Talent and Capital Graphs Log
Project goal: Build a tool to surface emerging founders, researchers, and technologists early, by tracking patterns of collaboration and influence as they grow across (first) arXiv, (then) GitHub, and Twitter. (I built an earlier version of this in 2015.)
Talent Graphs Log
07/01/25
Ok so here is my problem:
API rate limits on Twitter mean that for the people I want I can’t pull their follower lists and therefore can’t build a graph.
Similarly with arxiv there are so many papers and authors in the past that I also can’t build a graph for the last like 5 years say.

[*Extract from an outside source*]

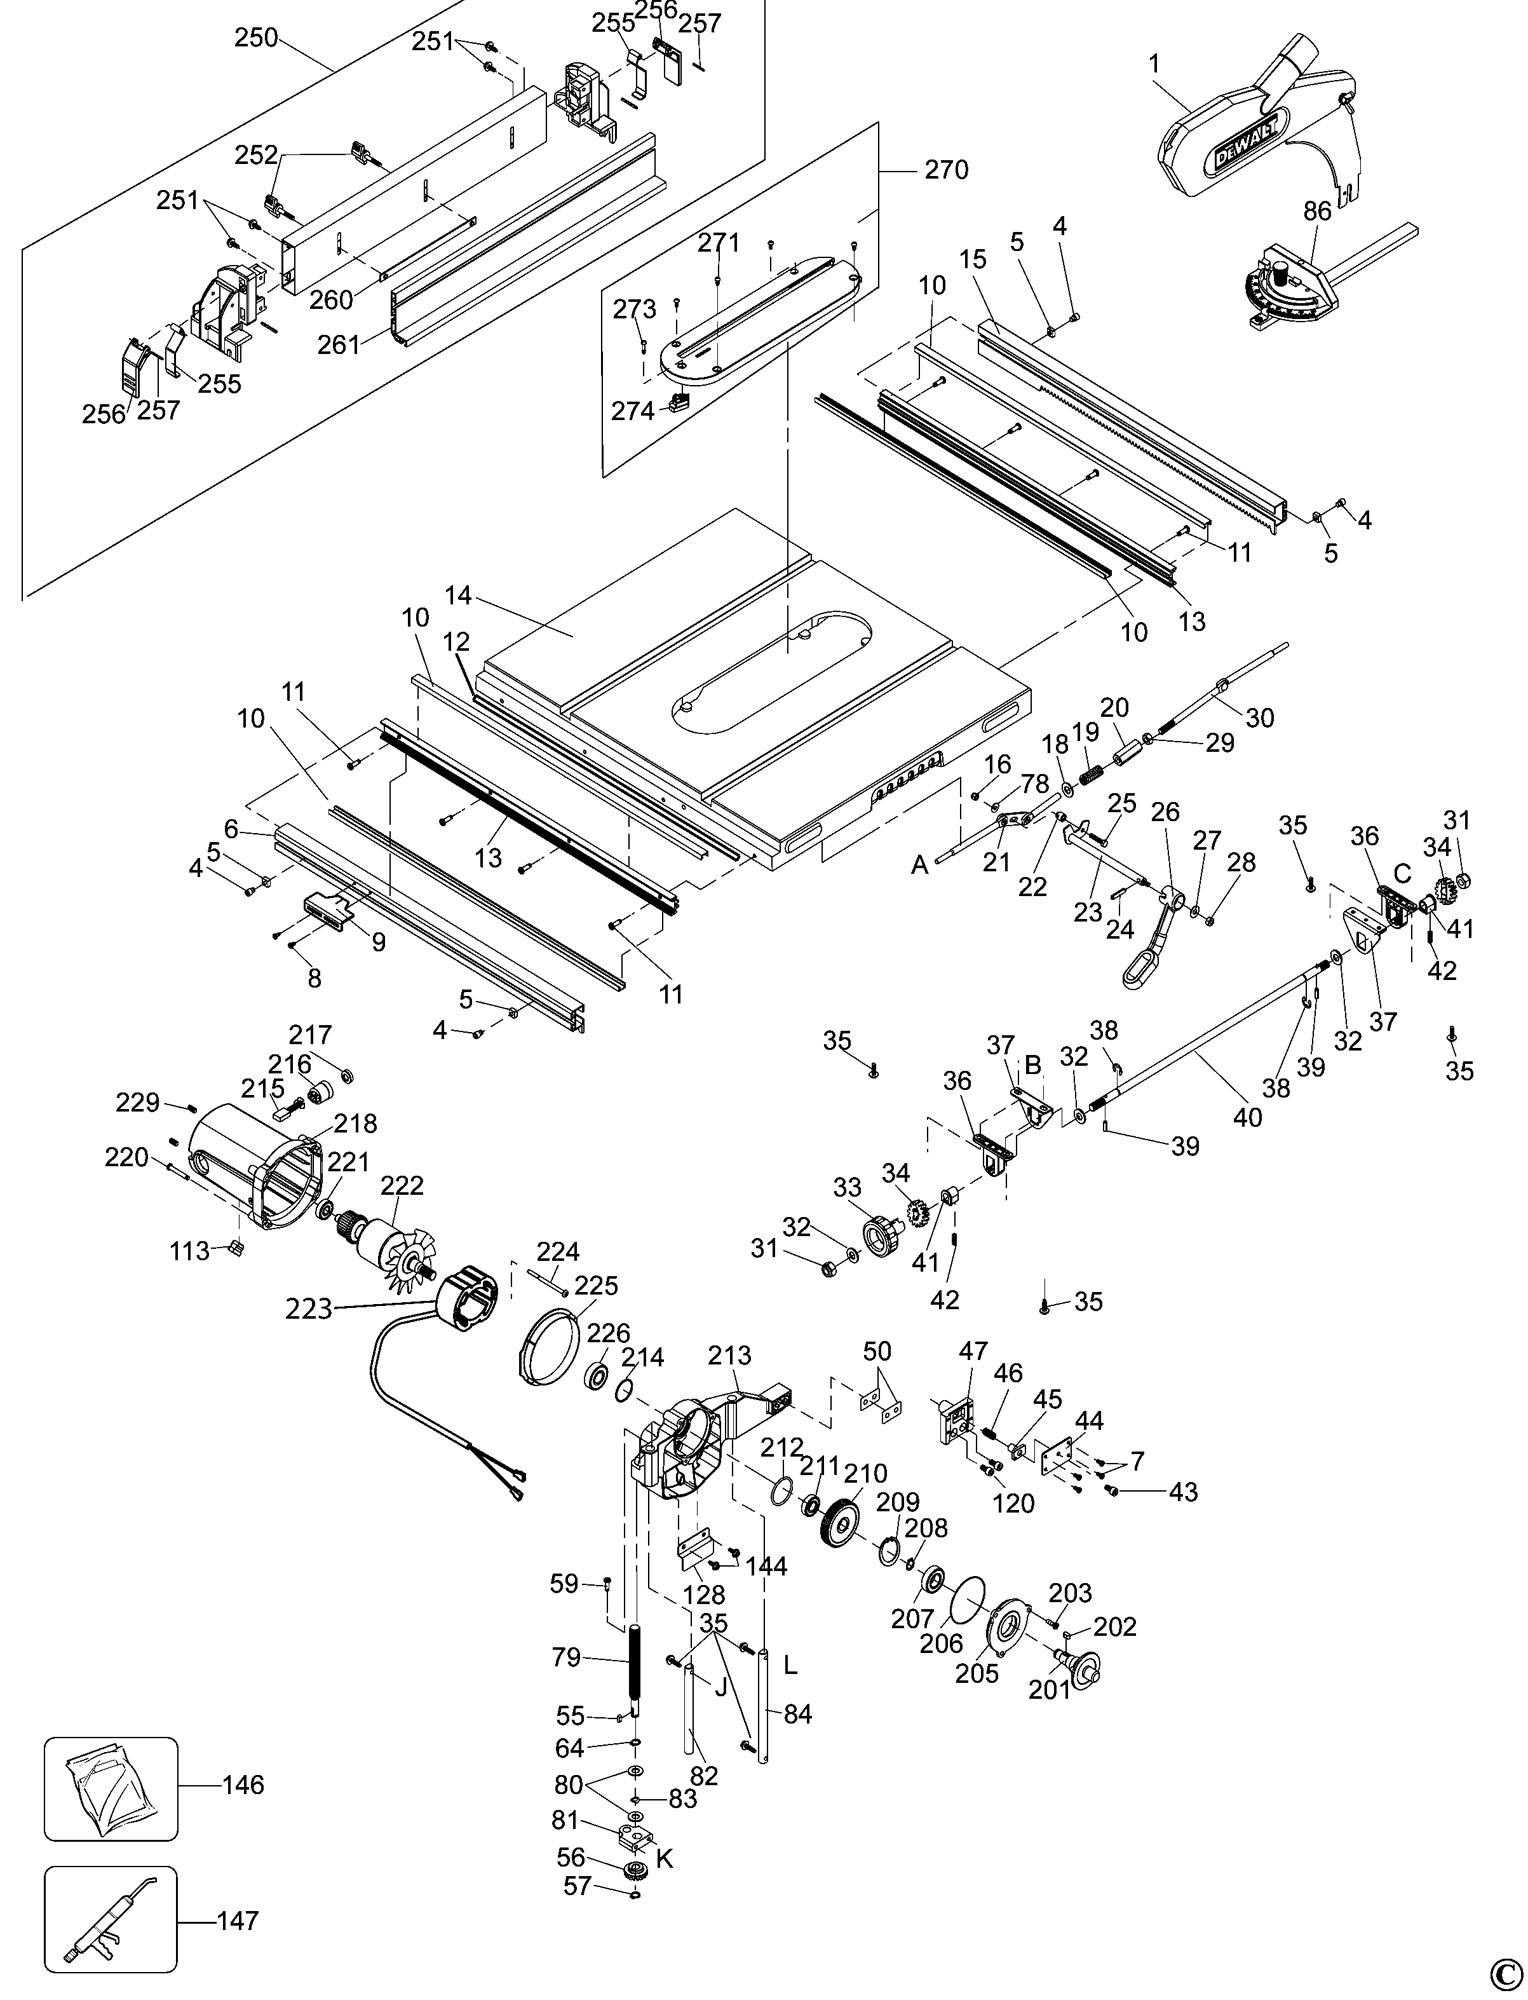 Spares For Dewalt Dw745 Table Saw Type 1 Spare Dw745

Maybe I can start adding things day by day like pull papers listed on arxiv each day for a specific category and build the graph slowly day by day but that really won’t give me an accurate representation of centrality because it’s only a subsection of the overall graph (of all authors on arxiv).
Similarly centrality measures that only look at a subsection of people aren’t super helpful.
What i really want is the CHANGE in centrality over time of people
How do I meaningfully track change in centrality over time, even if I can only see part of the graph?
Reframe the goal: I want to identify individuals whose graph footprint is growing quickly, especially early. Who is becoming more connected, not just who is currently central
Recipe for how to do this using arxiv authorship
Step 1: Track new relationships daily
Build a time-labeled edge graph that says: on this day, these authors became connected (or deepened their existing connection).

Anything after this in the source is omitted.